I had to add a single correction to your code, the events that are started and cleared on the same day were not calculated right. The following has fixed this problem.
| eval outage_secs_between = clrtime-eventtime
| eval outage_secs_total = min(outage_secs_from, outage_secs_to, outage_secs_between)
Regards!
Oh, yes you're right - I forgot that case. Happy to help!
When are your events created, at CLRTIME
? I assume EVENTTIME
and CLRTIME
are timestamps?
eventtime - event creation time, clrtime - event clearance time. For the particular site down event, I actually have two messages. First, when the site goes down, there's an event with a specific sitename and eventtime. clrtime is empty at this moment. When the site comes back online, there's another message, with the sitename and eventtime same as in the previous message and the crltime now is not empty and is he time site came back online.
And is there a common id in the two events? Or can we otherwise assume that if a combination of site name and eventtime is found only twice, once with an empty clrtime field and once with that field filled, that the two events refer to the same site down event?
It would be easier to use a combination of the sitename and eventtime.
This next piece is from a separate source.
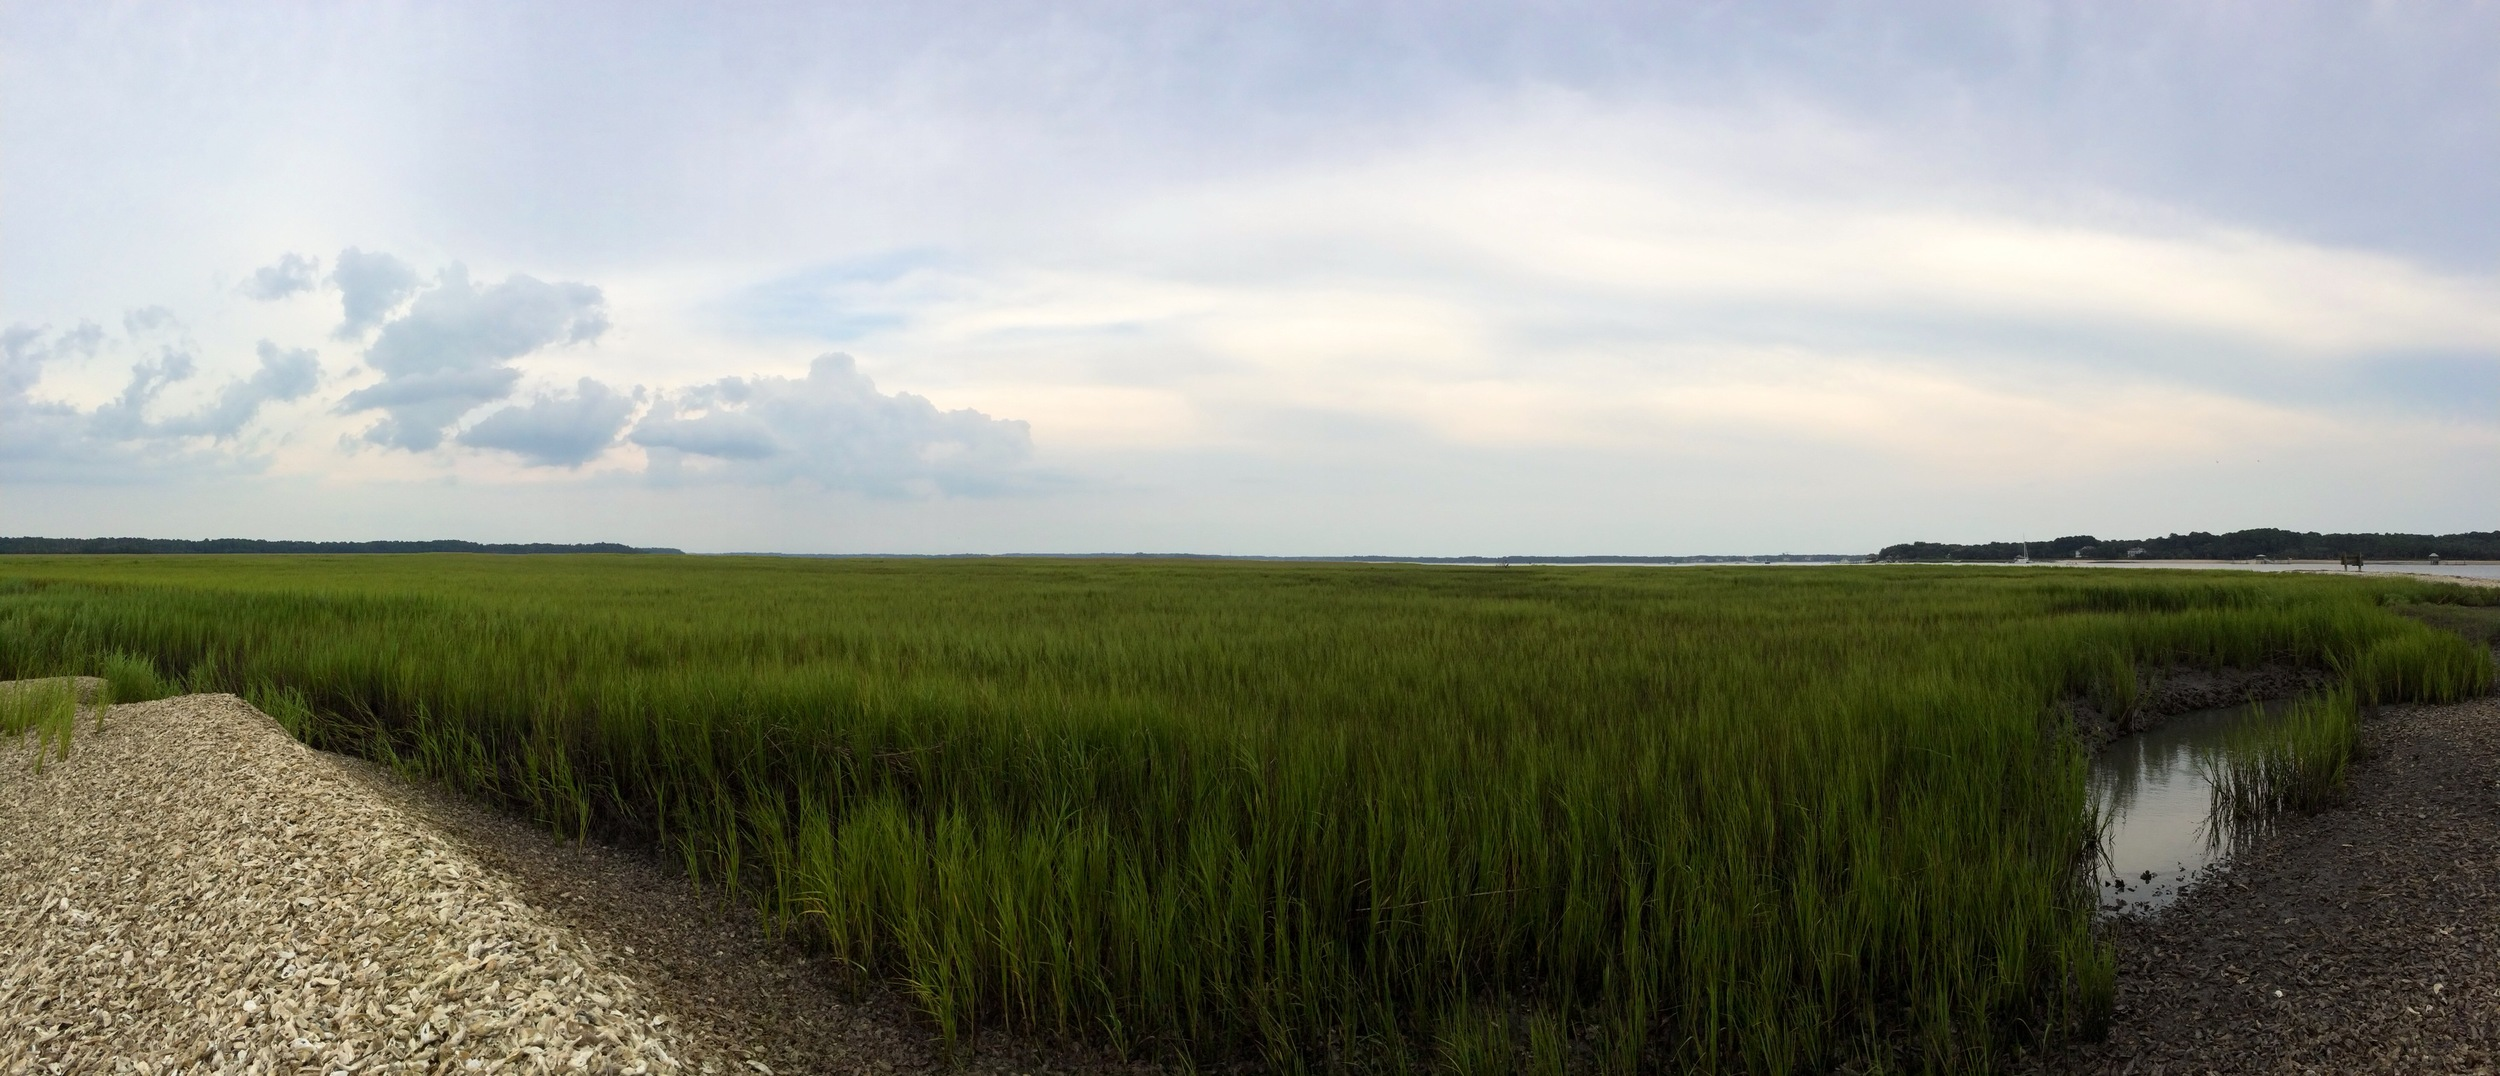 Tidal creek; South Carolina coast near Bluffton, SC

There is some ID but it's not plain and needs a lot of regexing. If you think there's no other way I'll work on it. Actually we can use only the event with both eventtime and clrtime present and ignore the event with the empty clrtime field. I do not need all that running realtime, it's ok to have report when the event with the clrtime arrives.
So when it arrives, we'll have eventtime (start) and clrtime (event end).
Thanks,
NJ
Evaluate how you are calculating eventtime_u. You may need to adjust for that to have a globally unique event id that occurs at both the start and the stop of the event. Perhaps the transaction command (https://docs.splunk.com/Documentation/Splunk/latest/SearchReference/Transaction).
eventime_u=clrtime-eventtime; it's set through the "calculated fields" from the Web GUI.
I may be able to extract the unique ID it's there in the raw data. It could give me a possibility to fix on the ceasing day. But it's still unclear what could be done on the day in the middle of the event.
I was thinking of makeresults command, but not sure.
Give us your existing search. How are we supposed to help with only a description?
I was looking for a hint or an idea. Here are all the details, anyways.
| search (SPECPB="*LOSS-OF-ALL-CHAN*")
| dedup EVTTIME SPECPB
| eval bintime_u=eventtime_u
| bin bintime_u span=1d
| stats list(sectorname) as sectorname list(eventtime) as eventtime list(clrtime) as clrtime list(eventduration_u) as eventduration_u sum(eventduration_u) as cumulative_sector_down count(eventduration_u) as cumulative_event_count by bintime_u sitename
| eval bintime=strftime(bintime_u,"%m-%d")
| eval mean_site_down=cumulative_sector_down/cumulative_event_count
| eval siteavailability_d=100-round(100*mean_site_down/86400,2)
| xyseries sitename,bintime,siteavailability_d
My events:
_time sitename sectorname eventtime clrtime SPECPB eventduration_u
So I'm getting correct results when the event lasts within a day (i.e. it starts after 00:00 and ends before 24:00 of the same day). If the event lasts longer then one day, starting on the day before and ending on the next day, the current day has obviously no event. I need to spread such events trough the following bins somehow.
Regards,
NJ